Via Bedales, Edinburgh University and Australia, Tess (who now lives in Haslemere) returned to the UK with three sons (and has more recently added 5.5 grandchildren), and resolved to do something to make the planet a better place for them. She has focussed on Tibet, and has so far raised about £180k for projects there, and several more thousand pounds for DSUK. Among the patrons of her charity, Climb for Tibet, are the Dalai Lama and Joanna Lumley, so she’s got friends in proper high places.
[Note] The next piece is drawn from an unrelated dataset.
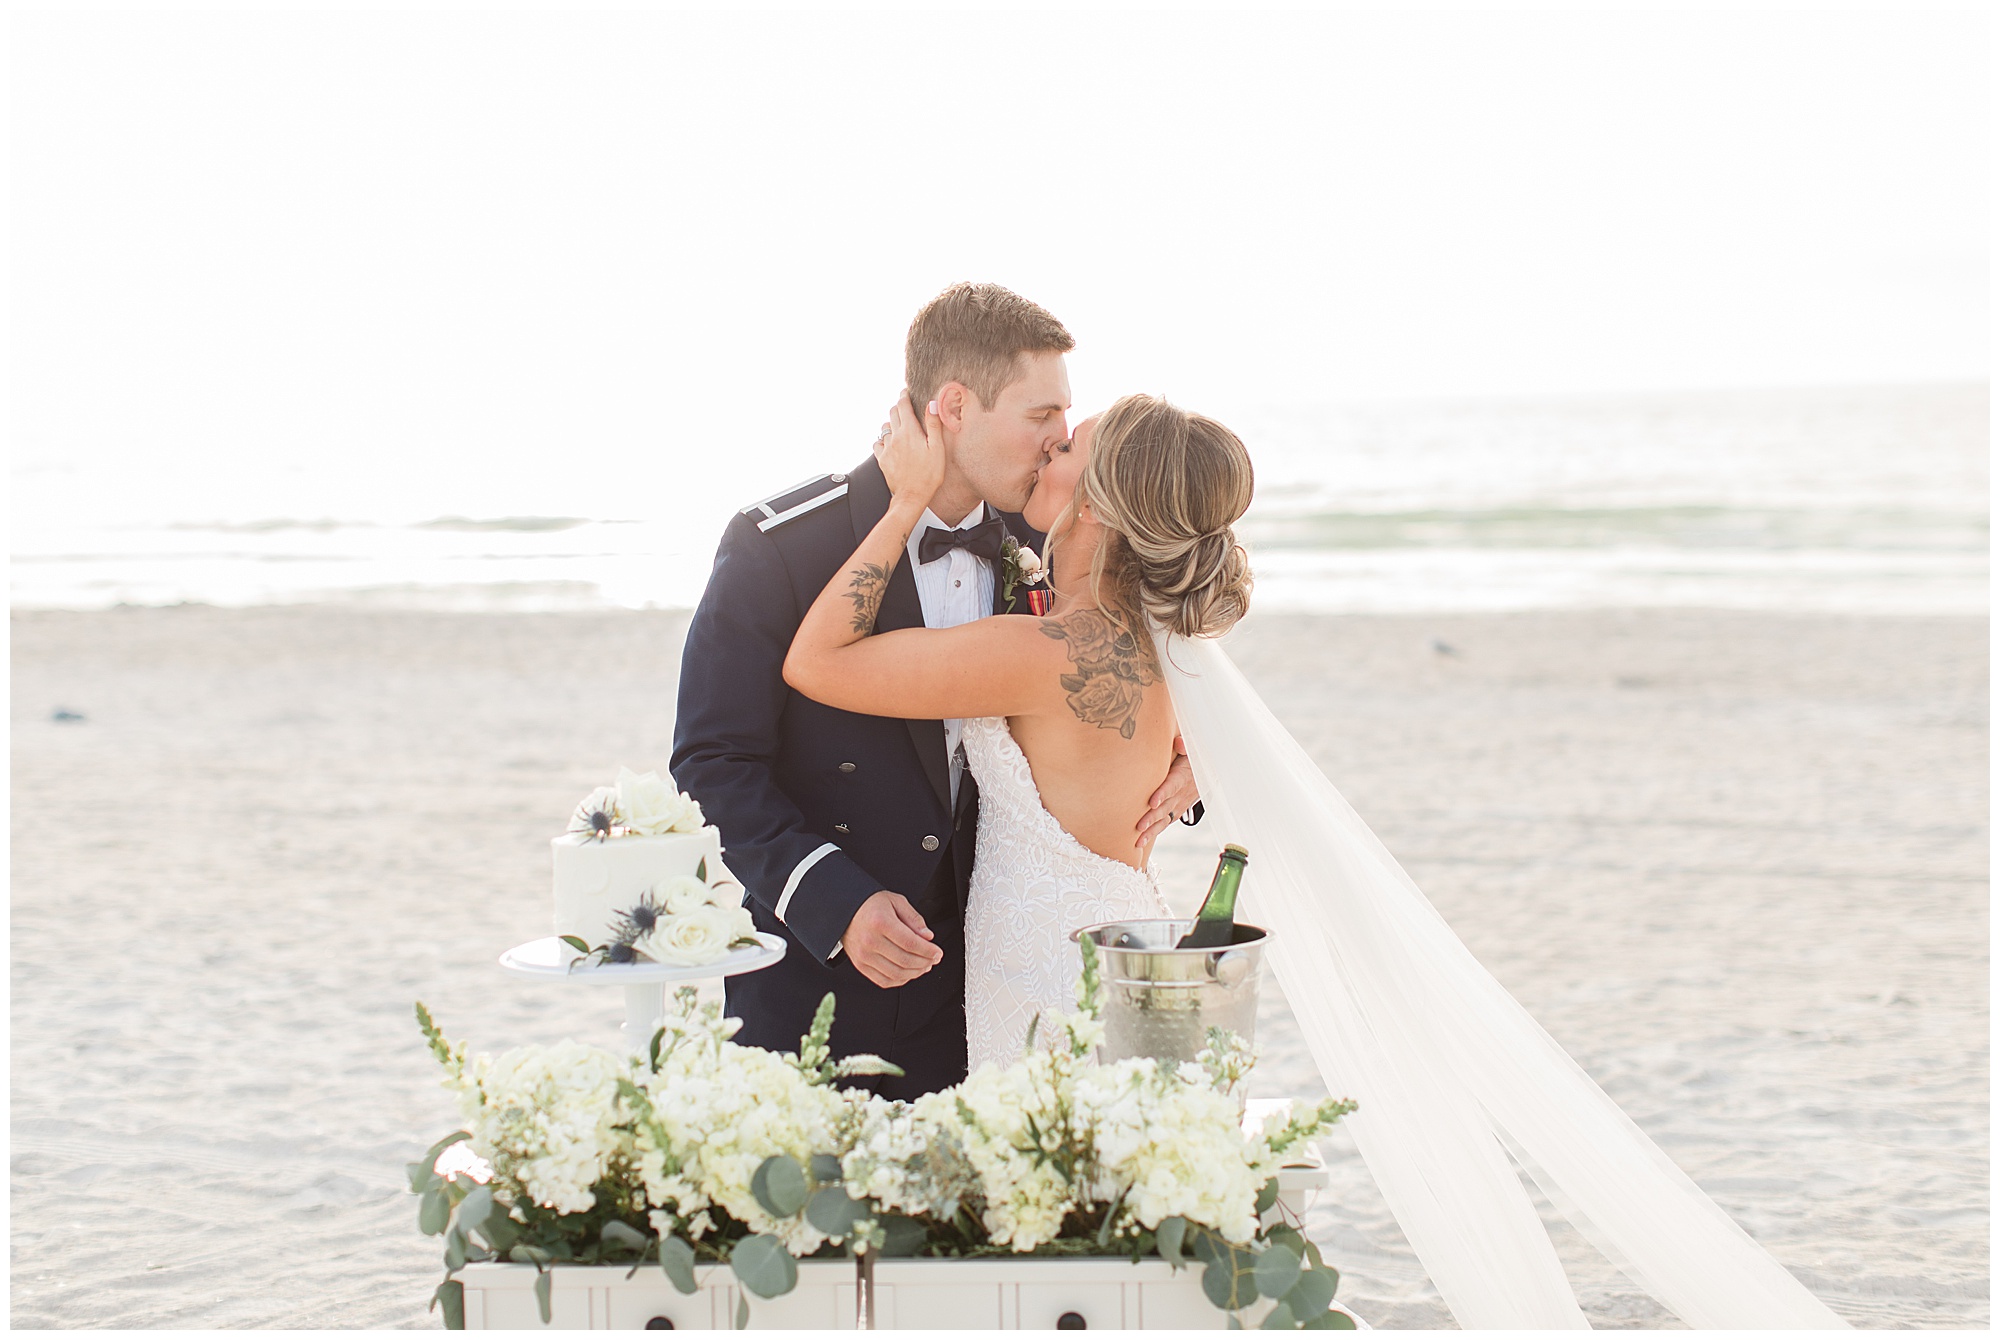 Jace & Anton, Pass-A-Grille Beach, St. Petersburg Florida wedding, Kelley Stinson Photography, beach wedding, bride and groom

Over the years Tess has collected tens of thousands of peace messages, including an earnest message from one young girl that she is going to do everything she can to help “global warming”. She has taken peace messages to significant geographical and spiritual points around the world, including the furthest point from the centre of the earth (which isn’t Everest), the nearest point to the sun at the turn of the millennium, the tallest mountain (which also isn’t Everest, but a mountain which has its base at the bottom of a deep ocean), and the magnetic North Pole.
To continue completing the set, Tess then set her sights on the South Pole, by way of a race, billed as “the toughest race on earth”, with Pete; a couple of pensioners battling some of the most ferocious conditions on earth, with a dangerous mix of cold, wind, altitude and unforgiving terrain.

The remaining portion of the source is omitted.